Tribambuka
British/Russian, b.1977
Her practice is concerned with the themes of shifting identity, home and belonging.
BIOGRAPHY
Tribambuka (aka Anastasia Beltyukova) is a London based multidisciplinary artist, award-winning illustrator and animation director working predominantly in painting and printmaking. Her practice is concerned with the themes of shifting identity, home and belonging. As a British artist with Russian roots, she takes a critical approach to the complexities of her heritage through a contemporary lens of feminist thought and mythological thinking. Her striking, figurative visual language is an amalgamation of the artistic elements found in Russian Avant-garde, French Analytical Cubism and Fauvism, as well influenced by the revolutionary spirit of swinging sixties.

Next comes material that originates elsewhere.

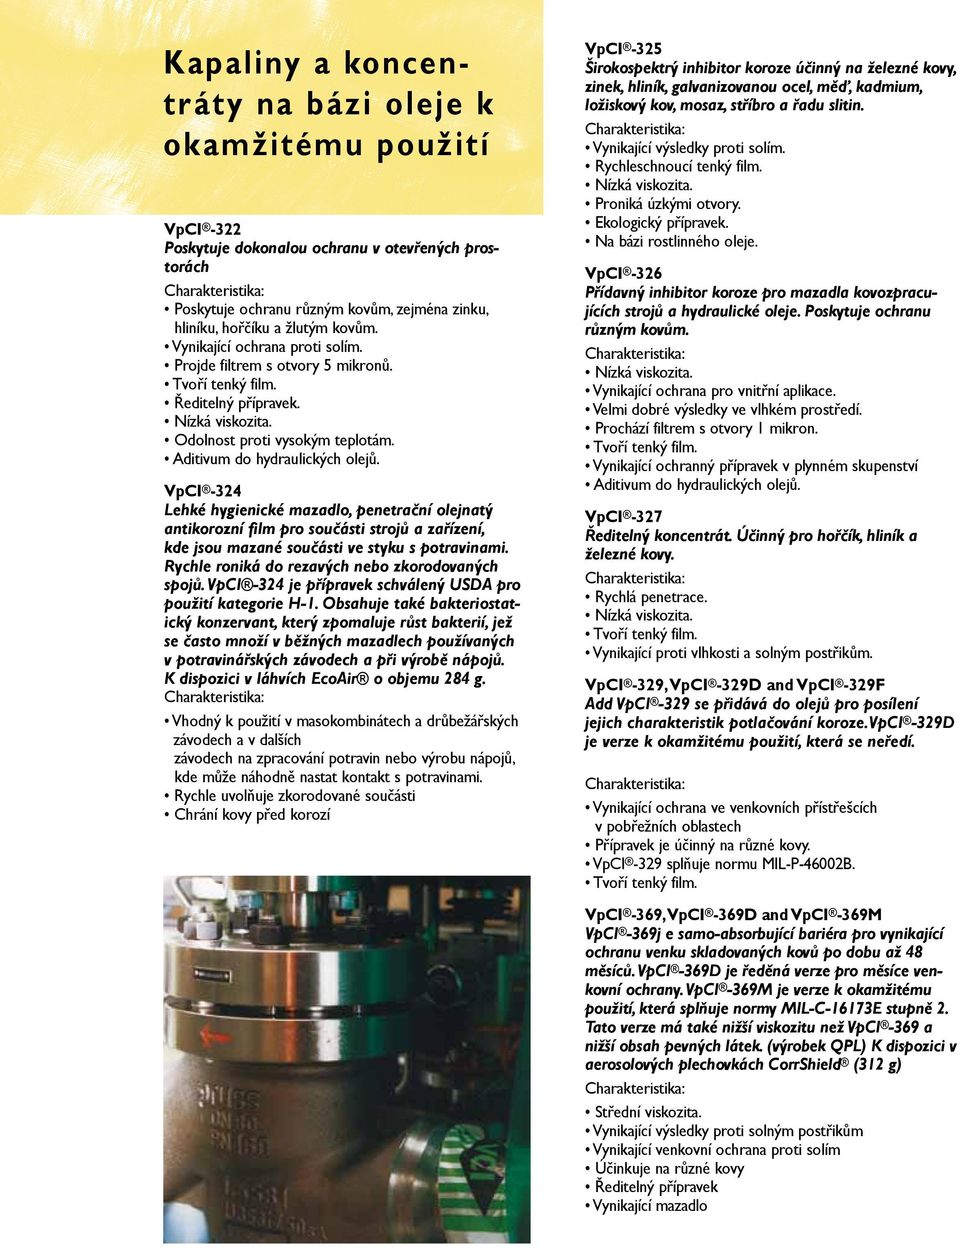 VpCI -324 Lehké hygienické mazadlo, penetrační olejnatý antikorozní film pro součásti strojů a zařízení, kde jsou mazané součásti ve styku s potravinami.

The artist was formally trained in the traditions of the Russian Analytical school of painting at the St. Petersburg State Academy of Art and Design, which opposes the canon of academic education and takes its roots from artists like Kuzma Petrov-Vodkin, Pavel Filonov and Natalia Goncharova. She inherited the structural approach to composition and shapes, reversed perspective and bold colour combinations.The influence of Fauvism, Expressionism and sixties counterculture add an element of disorder, emphasizing the interplay between chaos and structure that is a key theme in her work. Her background in illustration adds a fresh, contemporary edge, as well as defines the narrative approach and symbolism behind her compositions. These visual attributes become apparent in her She / Her / Hers (2022) painting series, depicting portraits of women in various contorted, geometrical configurations using a limited palette of bold colours. In her painting series Right to Rage (2022), the artist adopts a similarly iconic compositional style and colourful palette in her portraits of female characters from across various mythological narratives as a powerful emancipatory statement.
Alongside prestigious commissions by international brands such as CNN, NBC, Wall Street Journal, Financial Times and the Migration Museum, Tribambuka’s works have been exhibited and collected internationally in both physical and NFT-form.